# The Freaking Grinch Struck!



## Smitty (Dec 4, 2012)

Well, at least some undeserving little **** of a guttersnipe will get some Christmas presents this year.

Some useless bastard broke into my wife's car last night and stole her purse/wallet, my daughter's NoFriendo DS, tennis racquets, and all of the Christmas presents that my wife was hiding in the back.  Worse of all I'd been to the range this weekend and they also stole my 9mm pistol.  Thankfully, I'd put the rest of the guns back in storage.

Fortunately for the thief's benefactors he also had the good sense to steal the wrapping paper, tape and bows.  Makes it much easier to wrap your ill gotten gains that way.

Unfortunately, our auto policy won't cover it because the car technically wasn't "broken into", as my wife accidentally left the *&#$% car unlocked last night.

I normally don't wish ill of people, but I hope that some little **** breaks a leg on my daughter's new scooter.

I #*&@^# hate thieves.


----------



## T. Valko (Dec 4, 2012)

Smitty said:


> Well, at least some undeserving little **** of a guttersnipe will get some Christmas presents this year.
> 
> Some useless bastard broke into my wife's car last night and stole her purse/wallet, my daughter's NoFriendo DS, tennis racquets, and all of the Christmas presents that my wife was hiding in the back. Worse of all I'd been to the range this weekend and they also stole my 9mm pistol. Thankfully, I'd put the rest of the guns back in storage.
> 
> ...


Bummer

Happened to me twice (so far).

Once at a horse race track (the Meadows for those that know the area) and again at the old  Three Rivers Stadium while at a Pirates game.

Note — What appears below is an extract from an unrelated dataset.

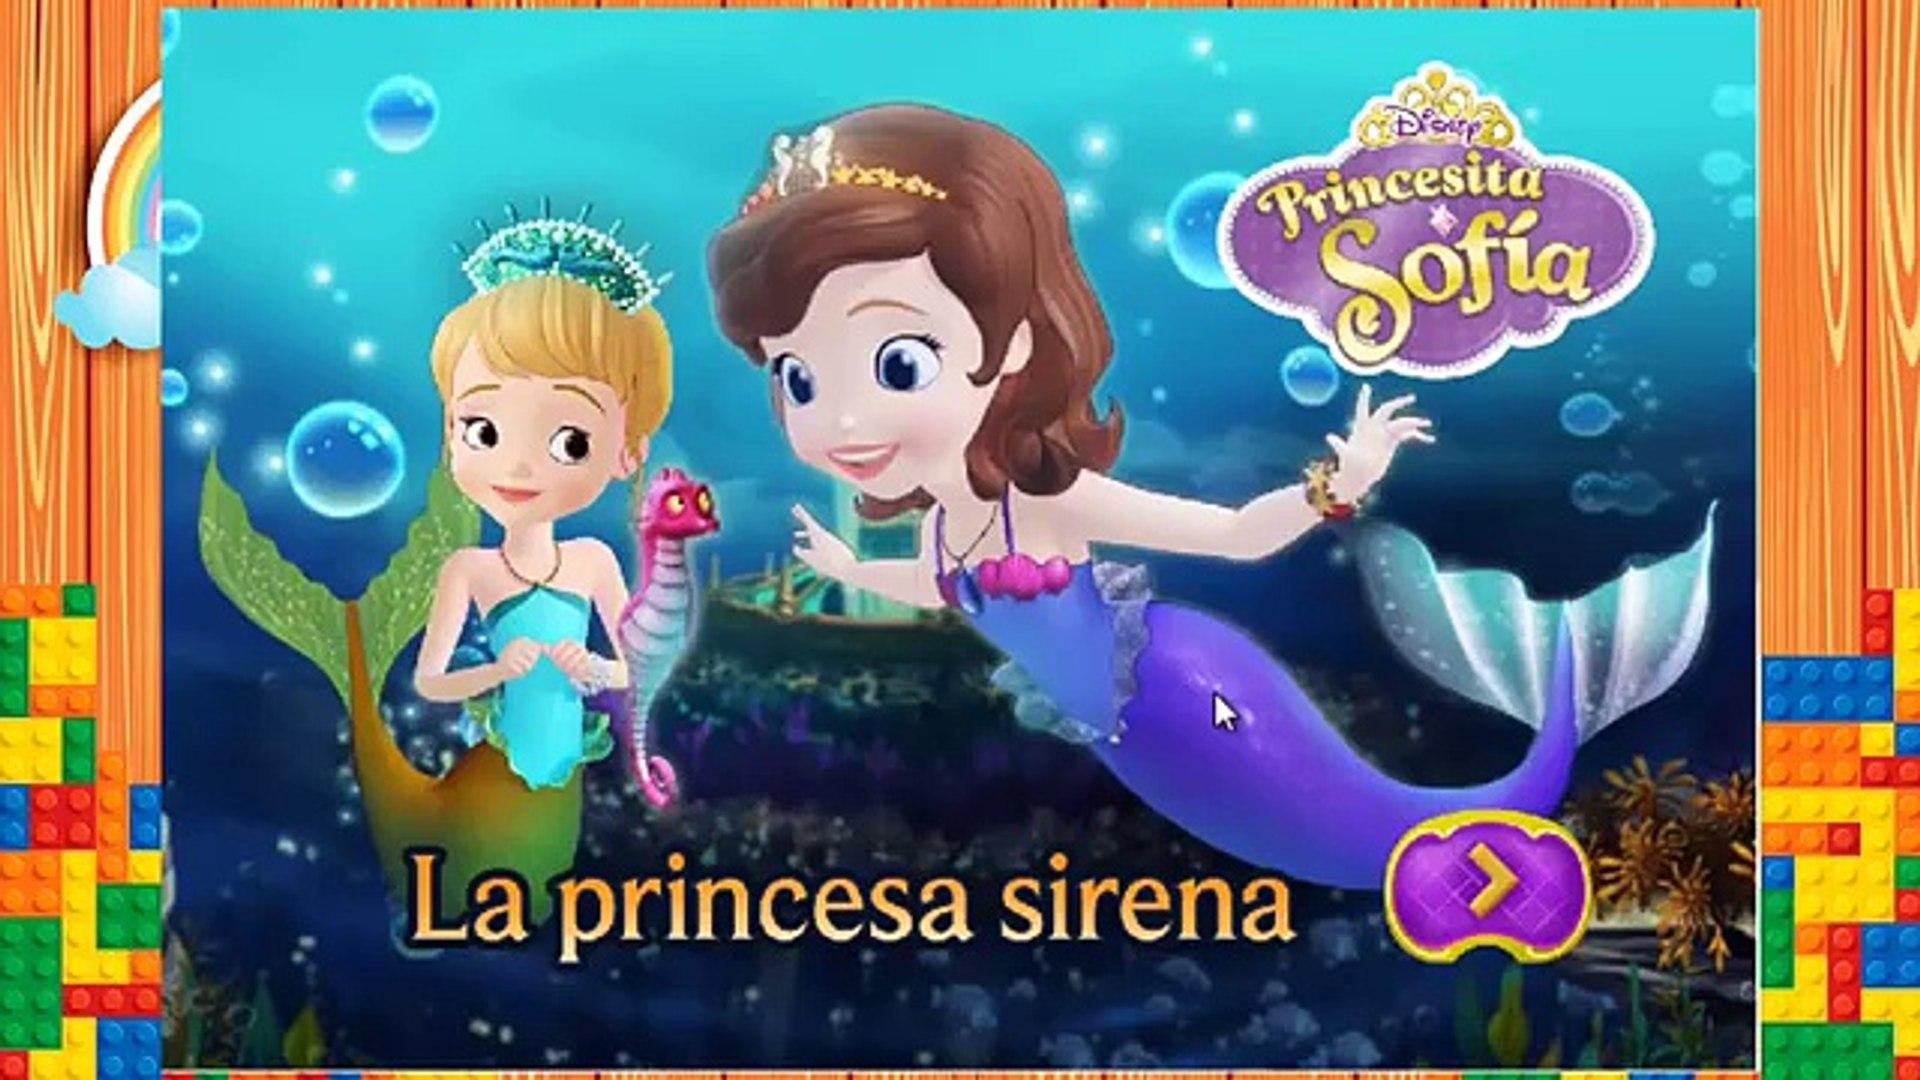 La Princesa Sofia Una Historia De Sirenas Princesita Sofia La Princesa Sirena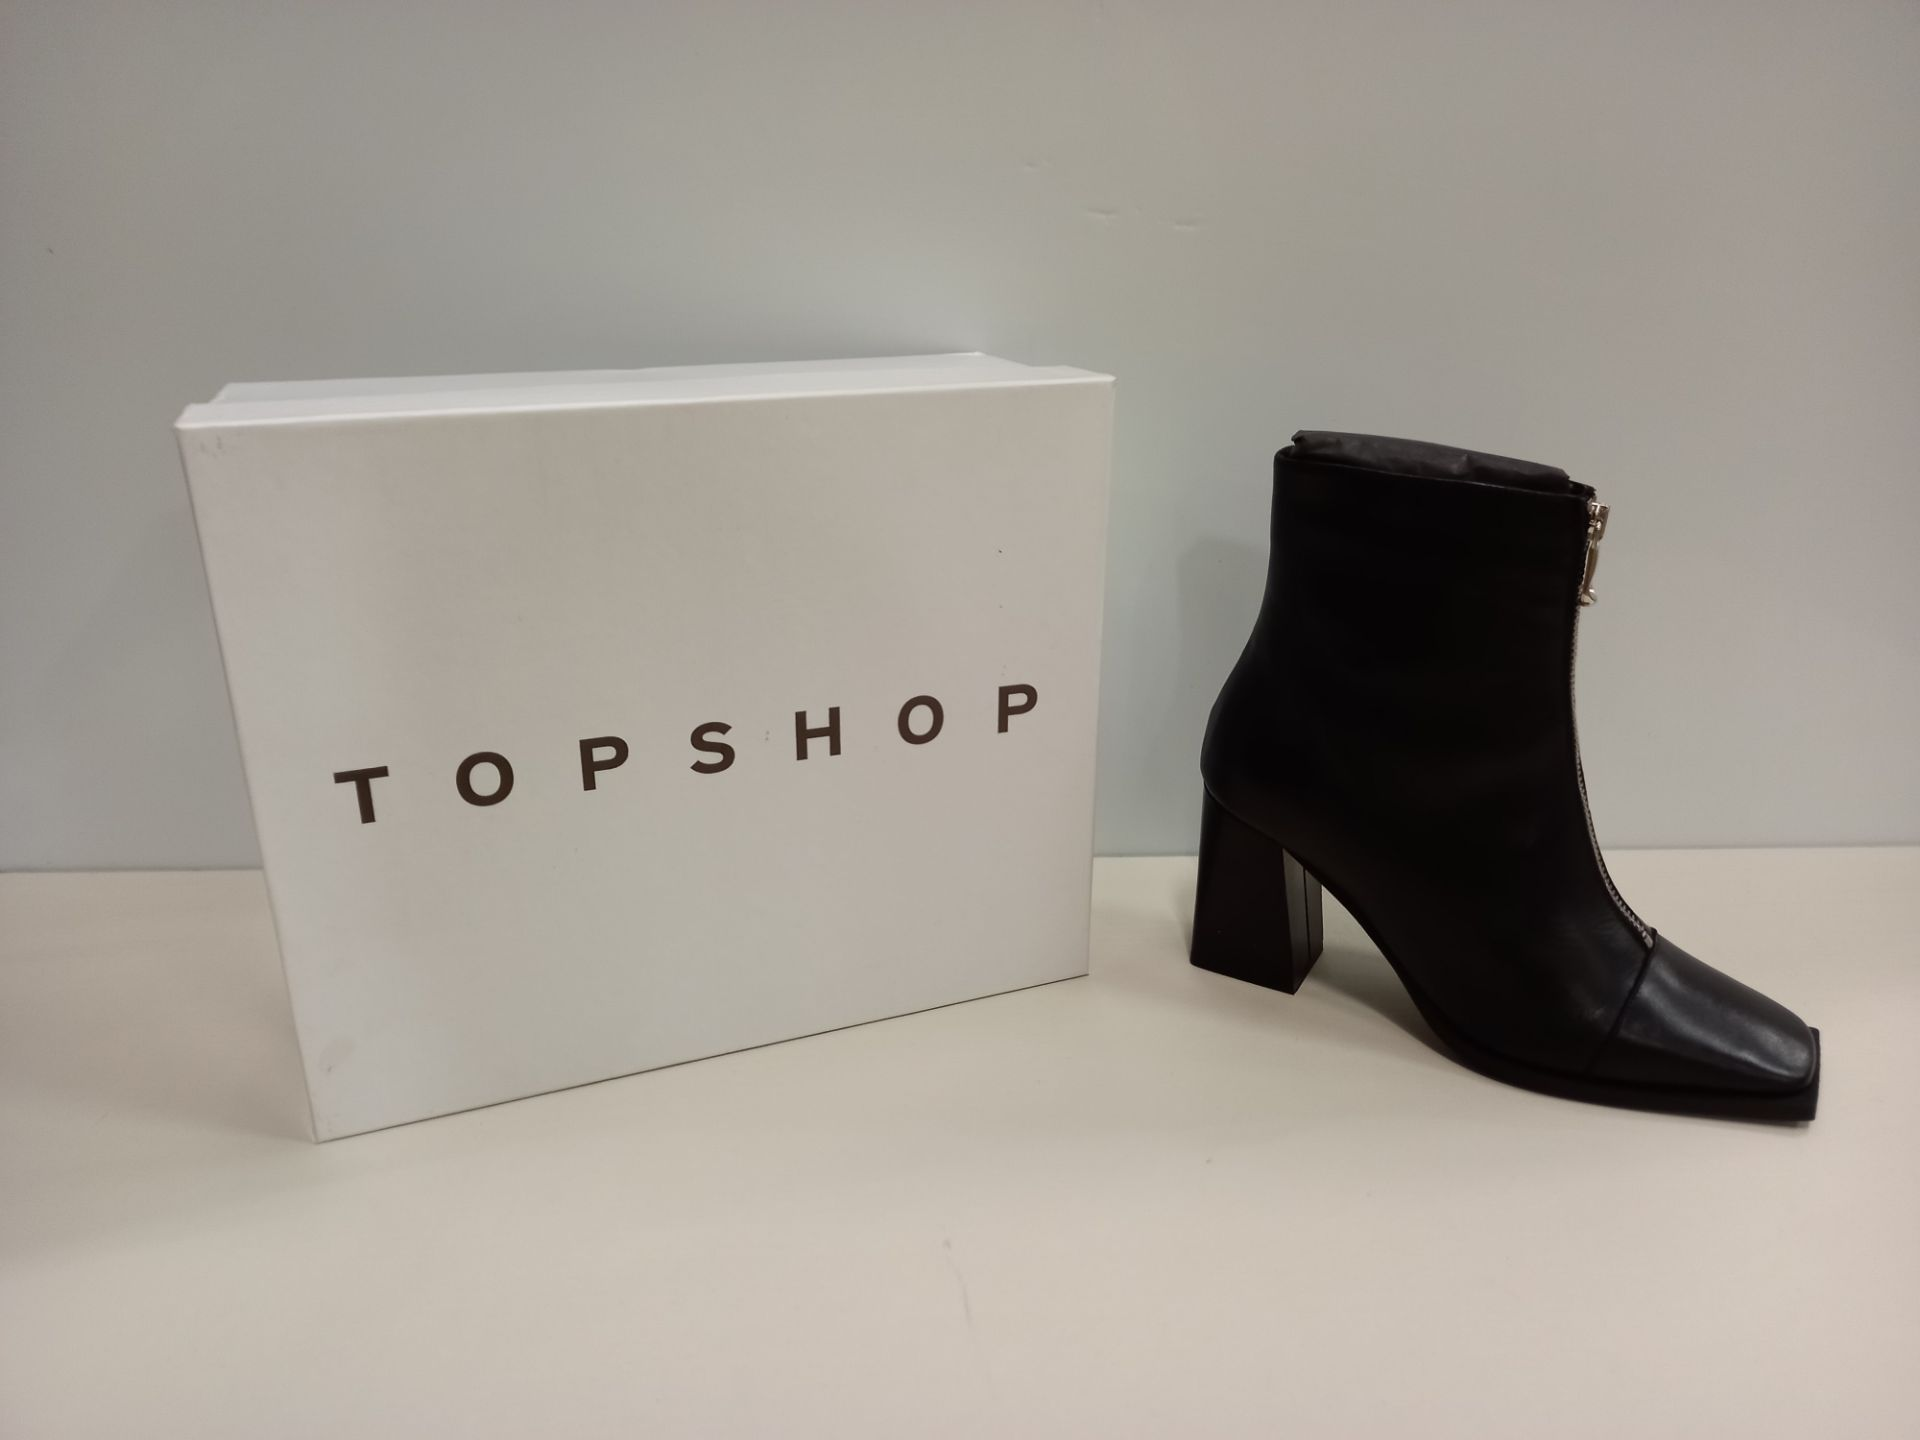 9 X BRAND NEW TOPSHOP HEIDI BLACK SHOES UK SIZE 5 RRP £89.00 (TOTAL RRP £801.00)

Same car in both incidents.


----------



## Smitty (Dec 4, 2012)

That sucks.  Hopefully your horse and the Steelers won though.


----------



## Taul (Dec 4, 2012)

Sorry to hear that.
Some household policies also cover car contents; it might be worth checking if your house contents policy has that included.


----------



## Smitty (Dec 4, 2012)

Paul-H said:


> Some household policies also cover car contents; it might be worth checking if your house contents policy has that included.



Thanks, we already checked and the policy has a $1,600 deductible.  All tolled (even with the pistol) we'd be right around there, so it's just not worth it.  Especially not to have the rate go up for breaking even.

Funny, but when I told my wife what the auto insurance folks said, she said she'd get a brick and break the window.  I told her you can't commit a crime just to make up for someone else's.


----------



## T. Valko (Dec 4, 2012)

T. Valko said:


> Bummer
> 
> Happened to me twice (so far).
> 
> Once at a horse race track (the Meadows for those that know the area) and again at the old Three Rivers Stadium while at a Pirates game. Same car in both incidents.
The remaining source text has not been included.